Que ninguém se espante caso o presidente Lula venha a anunciar, nos próximos meses, um amplo pacote de socorro financeiro ao novo governo vizinho, quiçá promover um PAC paraguaio. Tudo para evitar uma revisão do Tratado de Itaipu e, principalmente, a já anunciada ameaça de auditoria nas contas da usina binacional. Como Fernando Lugo terá de enfrentar em seu governo os graves problemas sociais, os altos índices de pobreza, a infra-estrutura precária e uma enferrujada máquina estatal clientelista de um país paupérrimo, um “acordo” financeiro com o governo Lula pode vir bem a calhar para um início de administração paraguaia e sem a menor preocupação com a prática de algum pecado capital: Lugo já recebeu do Papa Bento XVI a dispensa do ministério episcopal.

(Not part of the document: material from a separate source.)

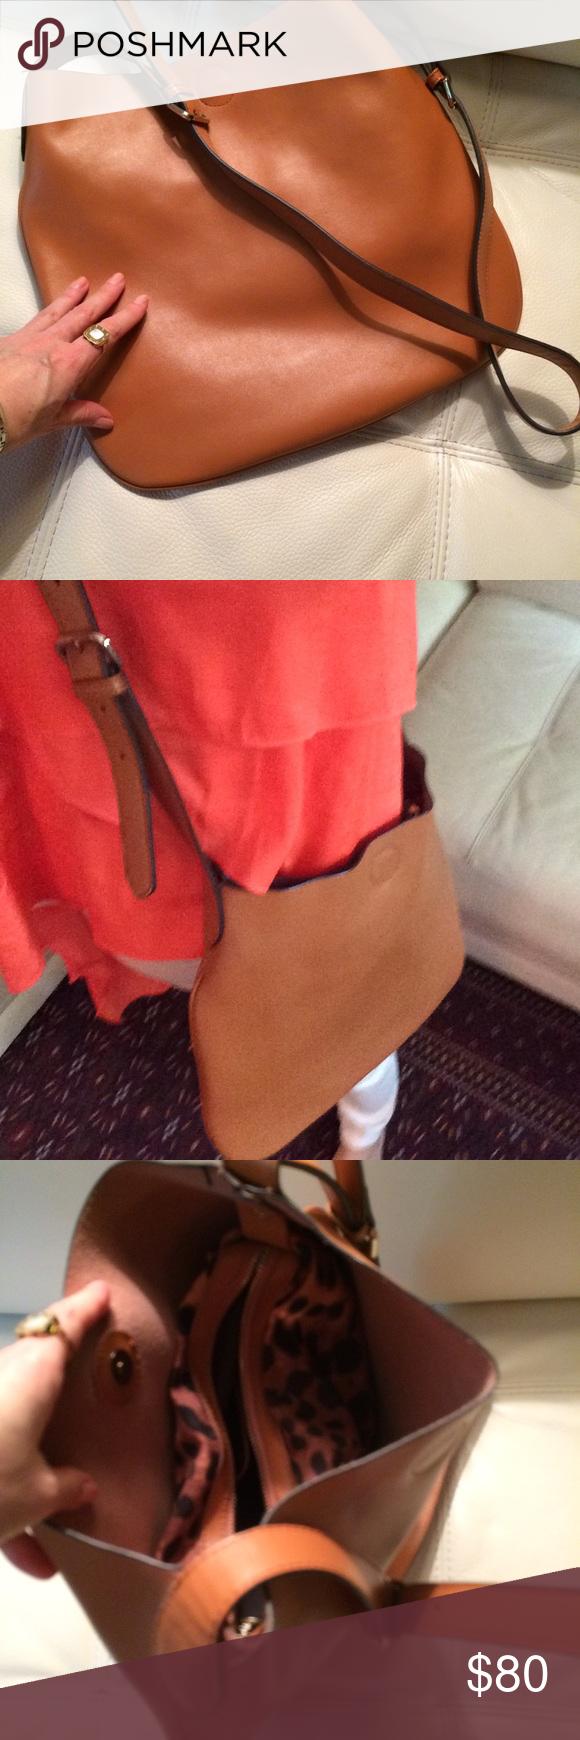 Sale‼️‼️‼️Tan leather cross body bag Tan leather cross body bag. Real leather.  Measurement: 14X 14 inches Bags Crossbody Bags

Já nas cercanias do Palácio do Planalto, toda essa história de “pente-fino” e reordenamento nas águas de Itaipu parece estar mesmo mexendo com os nervos (e os neurônios) do presidente do Brasil. Recentemente, ao transformar a Secretaria Especial da Pesca em Ministério, Lula proferiu a seguinte pérola: “Da mesma forma que a gente faz a reforma agrária na terra, vamos fazer uma reforma aquária, na água”. Faça-se, pois, a devida “reforma aquária” de Itaipu. O triste mesmo é saber que, no fim das contas, o assalto é sempre no bolso dos cidadãos brasileiros e que, pela primeira vez, terão de pagar um preço alto por um produto paraguaio.